A ginger honey syrup recipe for tea, lemonade, cocktails, mocktails, and sparkling water. Warm, bright, and easier to mix than plain honey.
Honey is wonderful until you try to stir it into an iced drink. Then it sinks, clings to the spoon, and leaves the top of the glass tasting plain.
Ginger honey syrup fixes that. You get the warmth of fresh ginger and the round sweetness of honey in a syrup that actually mixes into cold tea, lemonade, sparkling water, cocktails, and mocktails.
This is one of those small refrigerator bottles that makes weekday drinks easier. Nothing fancy. Just ginger, water, honey, and a little lemon.
At a Glance
| Detail | Info |
|---|---|
| Prep time | 10 minutes |
| Cook and steep time | 20 minutes |
| Yield | About 2 cups |
| Flavor | Warm ginger, soft honey, bright lemon |
| Best uses | Tea, lemonade, sparkling water, whiskey drinks, mocktails |
| Storage | Refrigerator |
| Use within | 2 weeks |
Why Make Honey Syrup
Plain honey is thick. That is part of its charm, but it is also why it refuses to blend into cold drinks.
Honey syrup is simply honey loosened with liquid. Bartenders use it because it pours and measures more easily than straight honey. This version uses ginger water as the liquid, so the syrup brings flavor instead of just sweetness.
I do not boil the honey. The ginger gets simmered first, then the honey is stirred in once the liquid cools a bit. That keeps the flavor softer.
Ingredients
- 1 cup sliced fresh ginger
- 1 1/2 cups water
- 1 cup honey
- 1 tablespoon lemon juice
- 1 pinch fine sea salt, optional
Use a mild honey if you want the ginger to lead. Clover, wildflower, orange blossom, and light local honey all work. Strong buckwheat honey can be good, but it will take over.

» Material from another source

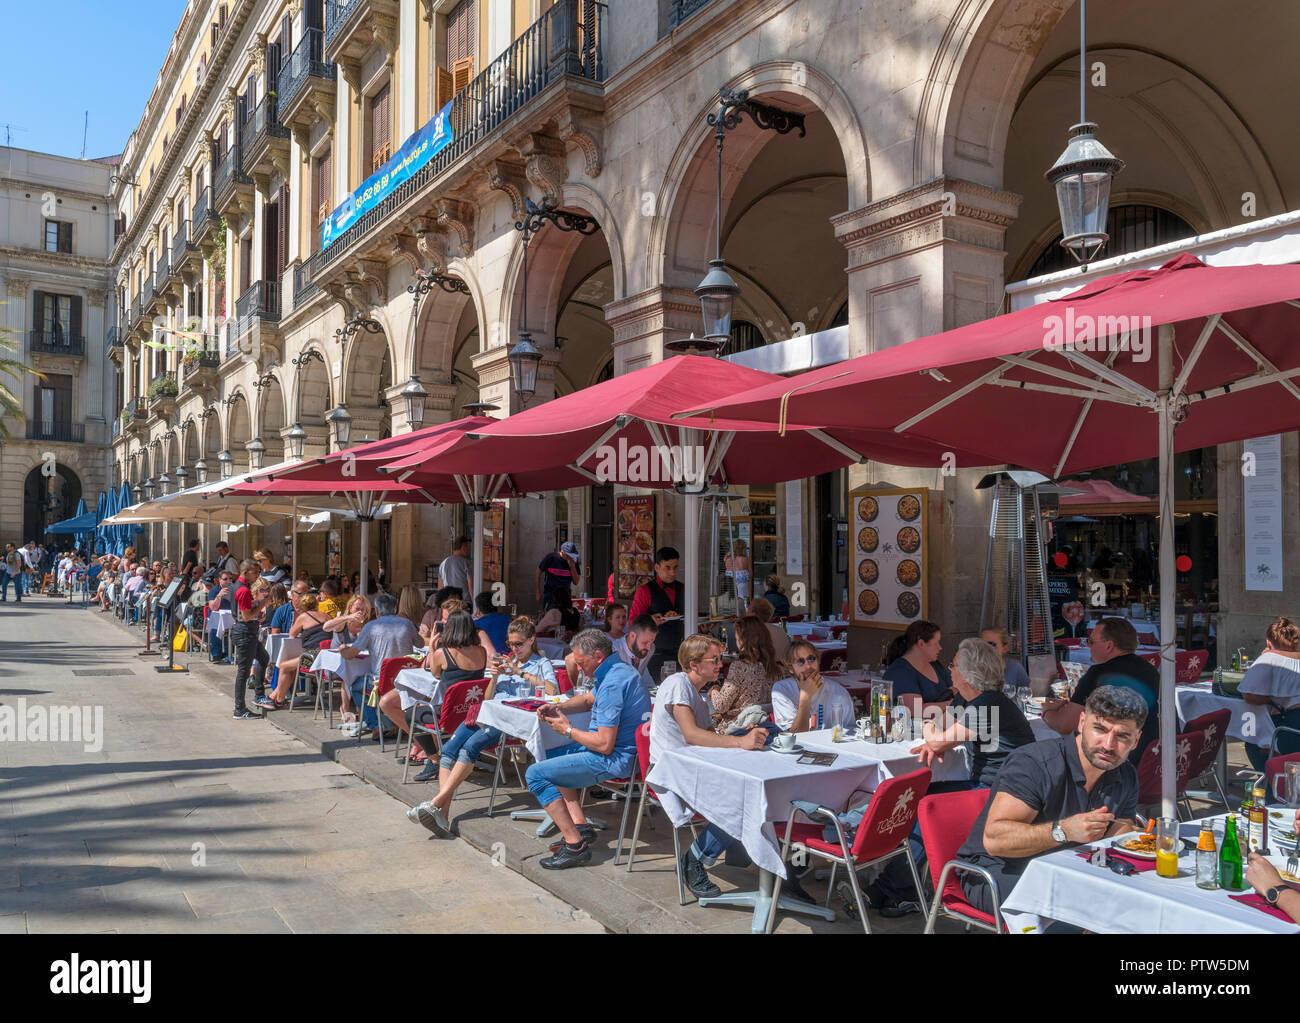 Plaça Reial, Barcelona. Tourists sitting outside a restaurant on the Plaça Reial (Plaza Real), Barri Gotic, Barcelona, Catalunya, Spain. - Stock Image

You do not need to peel the ginger if it is clean. Just scrub it well and slice it thin.
Make the Syrup
Combine sliced ginger and water in a small saucepan. Bring to a gentle simmer and cook for 10 to 12 minutes.
Turn off the heat and let the ginger steep for 10 minutes. Strain into a heat-safe measuring cup. You should have about 1 cup of strong ginger water. If you have a little less, that is fine.
Let the ginger water cool until it is warm but not hot. Stir in honey, lemon juice, and a tiny pinch of salt if using. The salt should not make the syrup salty. It just sharpens the ginger.
Pour into a clean bottle and refrigerate.
How to Use It
For hot tea, use 1 to 2 teaspoons per mug.
For iced tea or lemonade, use 1 tablespoon per glass, then adjust. Ginger can sneak up on you, especially after the syrup sits overnight.
For sparkling water, combine 1 tablespoon syrup, 1 tablespoon lemon or lime juice, and 6 to 8 ounces sparkling water over ice.
For cocktails, try it in whiskey sours, bourbon lemonades, hot toddies, dark rum drinks, gin sours, and tequila highballs. For mocktails, pair it with lemon, lime, grapefruit, mint, basil, pear, peach, or black tea.
Storage
Keep the syrup refrigerated and use it within 2 weeks. It may thicken slightly when cold. Shake before using.
If it smells fermented, grows mold, fizzes hard, or changes texture, throw it out. This is a refrigerator syrup, not a shelf-stable preserve.
Honey should not be given to children under 1 year old. That applies here too.
Easy Variations
Ginger lime honey syrup: Use lime juice instead of lemon juice.
Ginger turmeric honey syrup: Add 1/2 teaspoon ground turmeric to the ginger while it simmers. Strain through cloth if you want it smoother.
Ginger mint honey syrup: Add a small handful of mint after the heat is off and steep for only 5 minutes.
Extra-hot ginger syrup: Use 1 1/2 cups sliced ginger and steep for 15 minutes after simmering.
My Favorite Glass
Add 1 tablespoon ginger honey syrup and 1 tablespoon lemon juice to a glass of ice. Top with cold sparkling water and stir.
It tastes like ginger lemonade without the work, which is exactly why I keep making it.